The Similarities and Differences Between the China and Hong Kong Post-80 Generation.

Topics: Generation Y, Generation Z, Generation X Pages: 3 (1117 words) Published: September 28, 2011
The major generational changes for post-80 have been a hot topic among the society. Some people say that both the China and Hong Kong post-80’s attitudes towards the society are totally different from that of the past generations. Before talking about how the generational changes are and what the similarities or differences between the China and Hong Kong generation, the definition of “post-80 generation” is that: The term “post 80” stands for the generation who was born between 1980 and 1989. This group is also sometimes called generation Y which is a label attributed to people born during the 1980s and early 1990s. Members of Generation Y are often referred to as “echo boomers” because they are the children of parents born during the baby boom (“baby boomers”). Because children born during this time period have had constant access to technology (computers, cell phones) in their youth, they have required many employers to update their hiring strategy in order to incorporate updated forms of technology. Also called millennial, echo boomers, internet generation, iGen, net generation.[1]

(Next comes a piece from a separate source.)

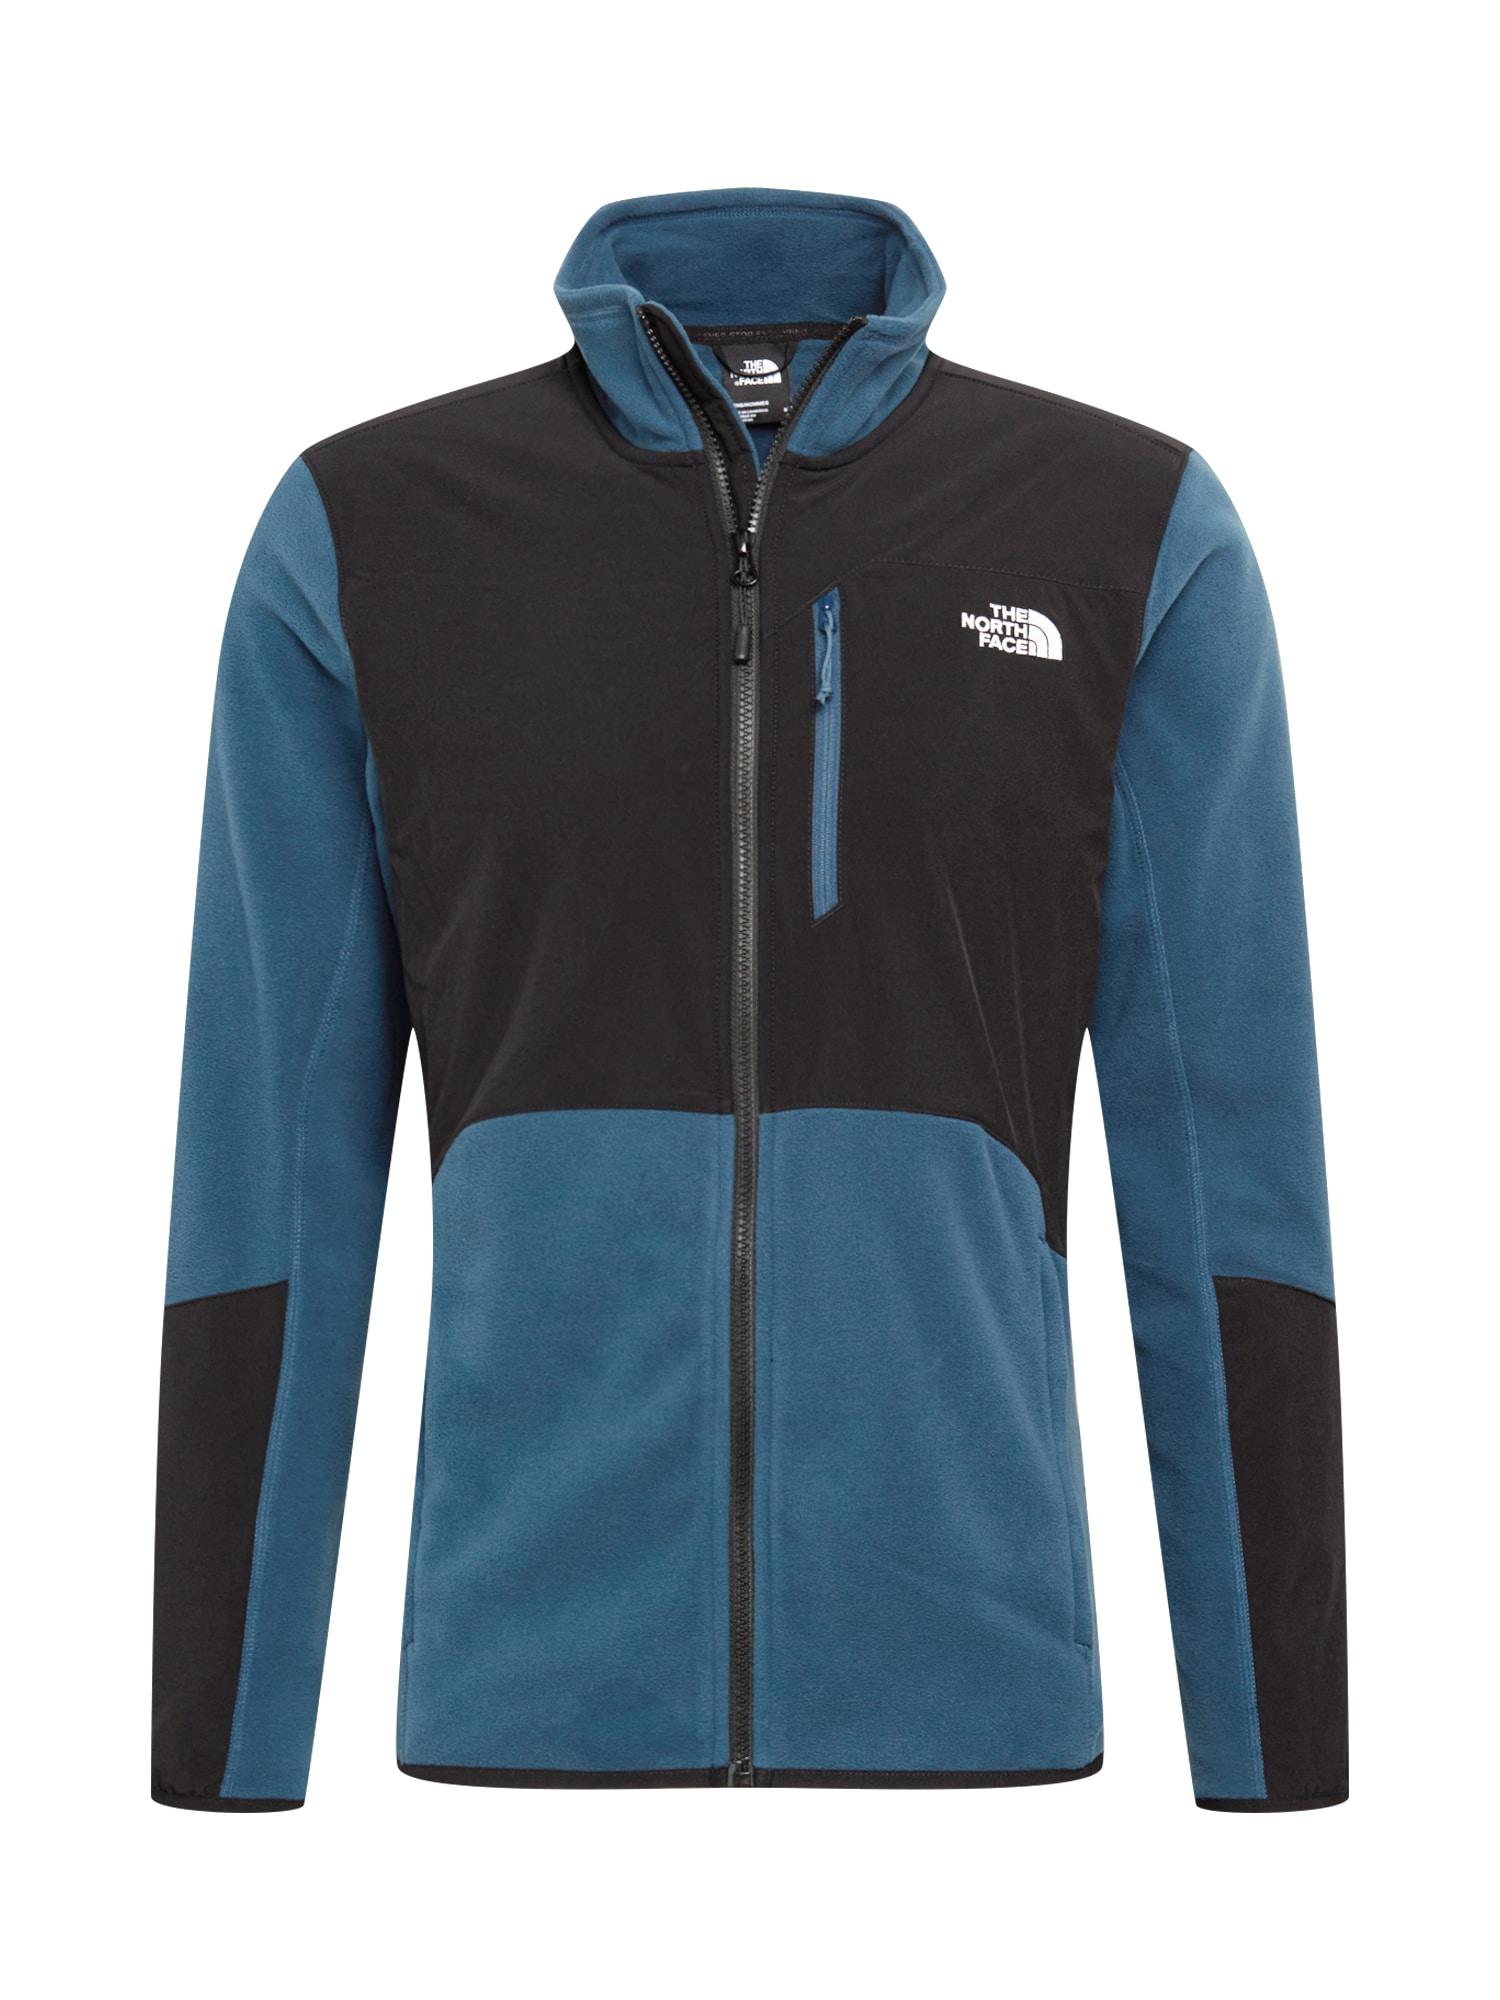 THE NORTH FACE Sportovní bunda 'GLACIER'  modrá / námořnická modř

The major generational changes are that the post-80 generation is more disobedient towards the unfairness and they are more radical to voice their opinions. These major generational changes are mainly caused by the post- 80 generation’s family background. Due to the changing culture of Hong Kong and the One Child policy in China, there is usually one child in one family. Therefore, the post-80 received lots of loves and cares before grown up. Thus, they have high level of expectations and requests towards the society. Once the society cannot satisfy them, they will go on protesting or other radical way to voice their opinion.

Both of the post-80 generations of China and Hong Kong are more concerned the work-life balance than the past generation. They will think employees lived to work, not worked to live. That’s changed.[2] Thus, it is more easily for them to be...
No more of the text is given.